Leveraging the Spatial Hierarchy: Coarse-to-fine Trajectory Generation via Cascaded Hybrid Diffusion
- URL: http://arxiv.org/abs/2507.13366v1
- Date: Tue, 08 Jul 2025 03:50:01 GMT
- Title: Leveraging the Spatial Hierarchy: Coarse-to-fine Trajectory Generation via Cascaded Hybrid Diffusion
- Authors: Baoshen Guo, Zhiqing Hong, Junyi Li, Shenhao Wang, Jinhua Zhao,
- Abstract summary: Due to privacy concerns and substantial data collection costs, fine-grained human mobility trajectories are difficult to become publicly available.<n>We propose Cardiff, a trajectory synthesizing framework for fine-grained and privacy-preserving mobility generation.<n>We show that our method outperforms state-of-the-art baselines in various metrics.

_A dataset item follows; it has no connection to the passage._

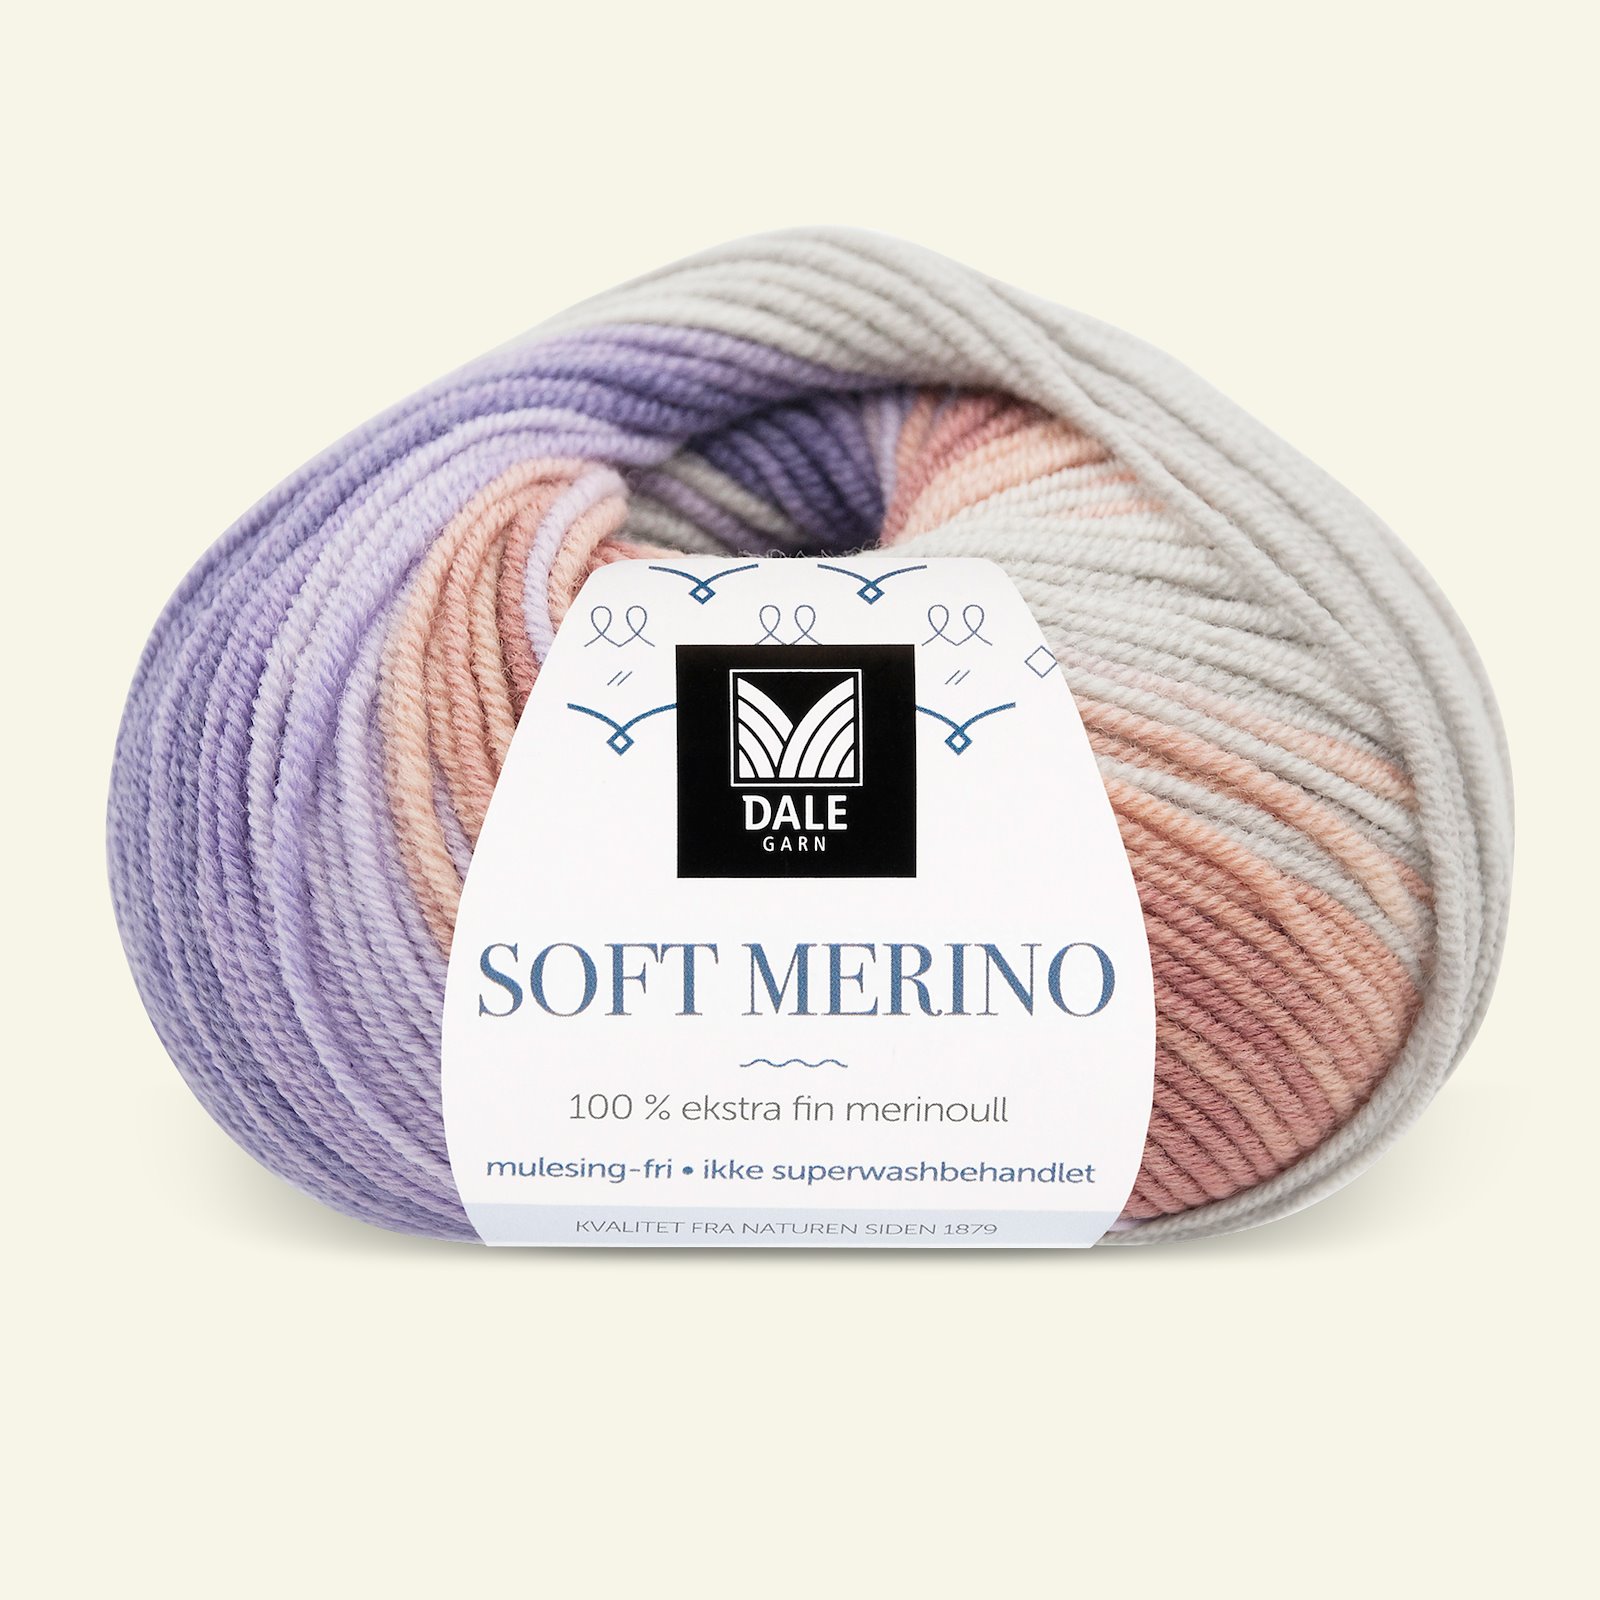 Dale Garn, 100% Extrafeine Merino-Wolle "Soft Merino", purple printed 90001222_pack

- Score: 40.869003778750205
- License: http://creativecommons.org/licenses/by/4.0/
- Abstract: Urban mobility data has significant connections with economic growth and plays an essential role in various smart-city applications. However, due to privacy concerns and substantial data collection costs, fine-grained human mobility trajectories are difficult to become publicly available on a large scale. A promising solution to address this issue is trajectory synthesizing. However, existing works often ignore the inherent structural complexity of trajectories, unable to handle complicated high-dimensional distributions and generate realistic fine-grained trajectories. In this paper, we propose Cardiff, a coarse-to-fine Cascaded hybrid diffusion-based trajectory synthesizing framework for fine-grained and privacy-preserving mobility generation. By leveraging the hierarchical nature of urban mobility, Cardiff decomposes the generation process into two distinct levels, i.e., discrete road segment-level and continuous fine-grained GPS-level: (i) In the segment-level, to reduce computational costs and redundancy in raw trajectories, we first encode the discrete road segments into low-dimensional latent embeddings and design a diffusion transformer-based latent denoising network for segment-level trajectory synthesis. (ii) Taking the first stage of generation as conditions, we then design a fine-grained GPS-level conditional denoising network with a noise augmentation mechanism to achieve robust and high-fidelity generation. Additionally, the Cardiff framework not only progressively generates high-fidelity trajectories through cascaded denoising but also flexibly enables a tunable balance between privacy preservation and utility. Experimental results on three large real-world trajectory datasets demonstrate that our method outperforms state-of-the-art baselines in various metrics.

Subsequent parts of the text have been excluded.